I’m just now recovering from a financial mess created by mounting medical bills a few years ago. I’m finally able to put away a few dollars, not much, every month. To spend $1,000 on an airline ticket would completely wipe out any progress I’ve made. And, of course, it always costs more than the ticket to travel. Then there are all the expenses I can’t avoid forever, but have put off for several years now. Things like replacing my kitchen table chairs. At any moment they are going to completely fall apart, but I’ve put off buying new ones. I need new pots and pans etc. The cheap ones I bought in college, and am still using, look like hell.

A lot of it has to do with a lack of time off. I’m always terrified of using my days off for fear something will happen and I’ll need them to be sick or to go to the National Institutes of Health. That's just part of the reality of living with Hermansky-Pudlak Syndrome, if you're experiencing any complications. I miss sometimes a half a day or more of work just going to a regular doctor’s appointment – and there are times when I have to do that every few weeks. (Thank God this spring hasn’t been one of them.) What if I get into the drug trial and have to travel four times a year to NIH? There goes almost four weeks a year, including travel time, and that’s before I’ve had a single cold or done anything for the HPS Network, or had even a holiday off.

This is a tough issue because I don’t think family understands. My mom lives in Germany. My dad lives in Colorado Springs. My maternal grandmother lives in Wichita and my paternal grandmother lives in Delaware. My brother lives in Washington. And, we’re not even getting into my aunts, or visiting friends from college etc. Everyone wants me to visit, and everyone seems to get their feelings hurt when I don’t come, or go to see another part of the family etc.

I’ve used quite a bit of my vacation time to do things for the HPS Network – and sometimes I wonder if family resents that. Again, I think it’s something they don’t always understand. Having a rare disease means treatment doesn’t just consist of going to the doctor. You’ve got to advocate for the research funding. You’ve got to push the drug company. You’ve got to work the politics to get the resources to keep things moving forward. You’ve got to network with the other patients. You’ve got to recruit people for the trials yourselves. You’ve got to read the medical journal articles to know what might help, and where to move next. There is no staff to do it. All that is just as much of my treatment as going to a doctor’s appointment. If I don’t do it, I might as well sit around and wait to die. I just don’t have the personality for that. I can’t cope if I don’t do something, or at least know it’s getting done.

Donna Appell asked me last week if I’d go to the Genetic Alliance meeting at the end of July. I think I can do it and only burn one vacation day.

“I’m worried about using all your days,” she said. “You need a vacation too.”

No doubt, but right now I’m so worried about the trial recruitment and several other things that I couldn’t relax if I did have a vacation. I can’t afford to go anywhere anyway. And, when the odd occasion arises that I do get a few days off, I invariably get depressed for at least part of them.

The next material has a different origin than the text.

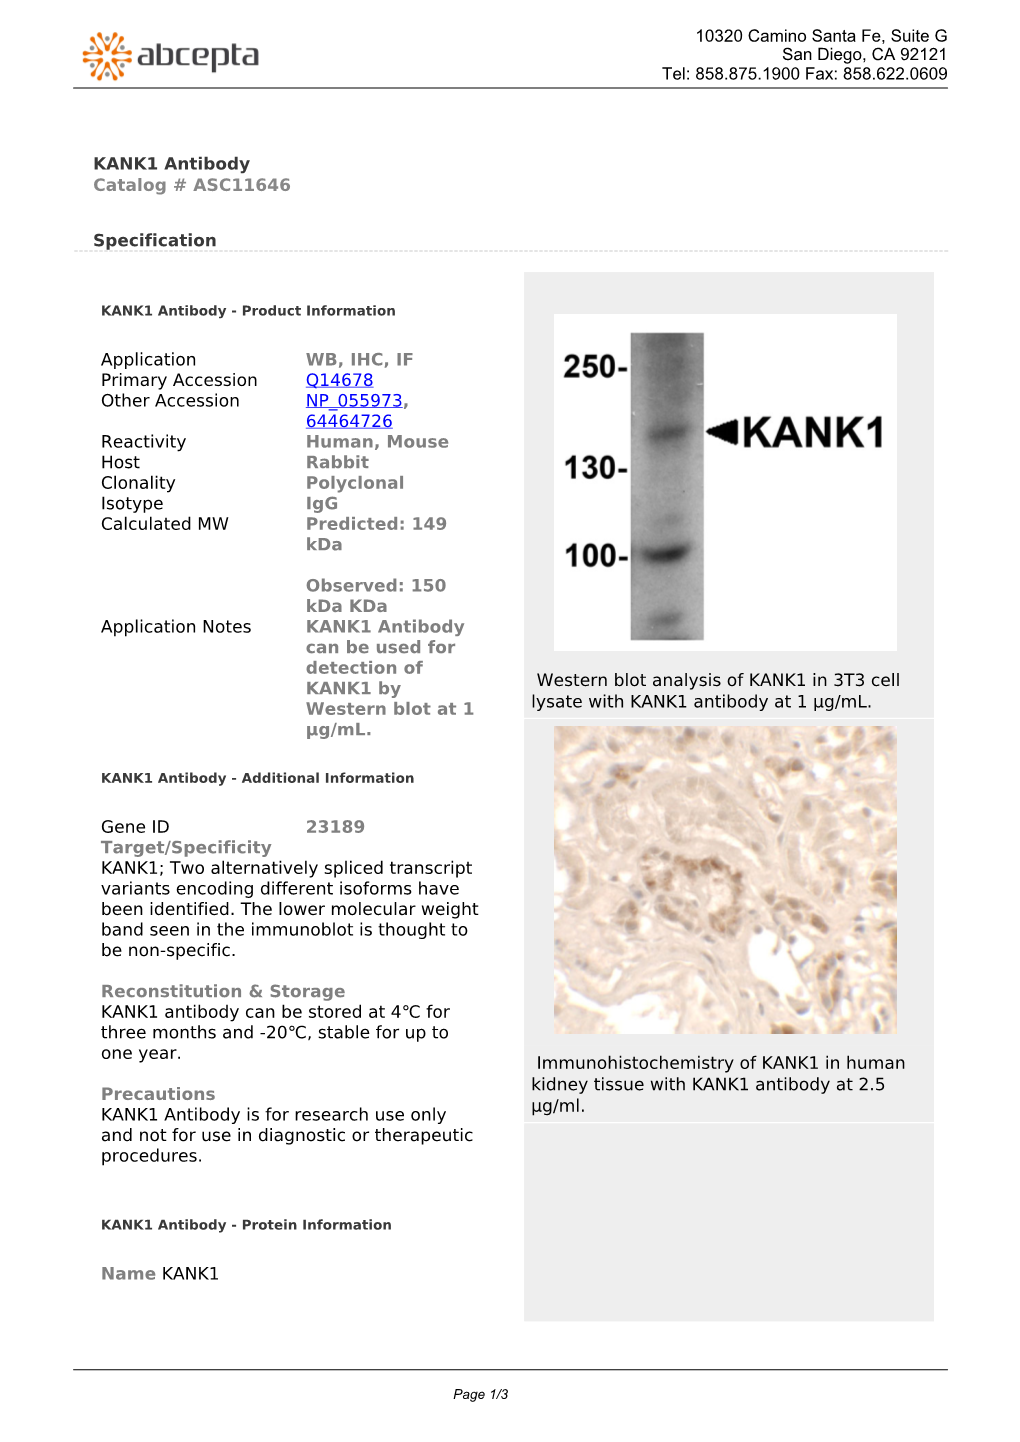 KANK1 Antibody Catalog # ASC11646

What I need is several months off just do deal with the psychological crap I’ve been through these past few years. But, that isn’t going to happen. So, having a few days off would probably only serve to open the Pandora’s box, yet not really give me enough time to process or do much about any of it. I’d be better off working on the cure than sitting around trying to relax.

This past week all my co-workers were sitting around comparing notes about what they plan to do for their vacations. I did feel angry and frustrated. Not at them, but just at this wacky reality that is my life.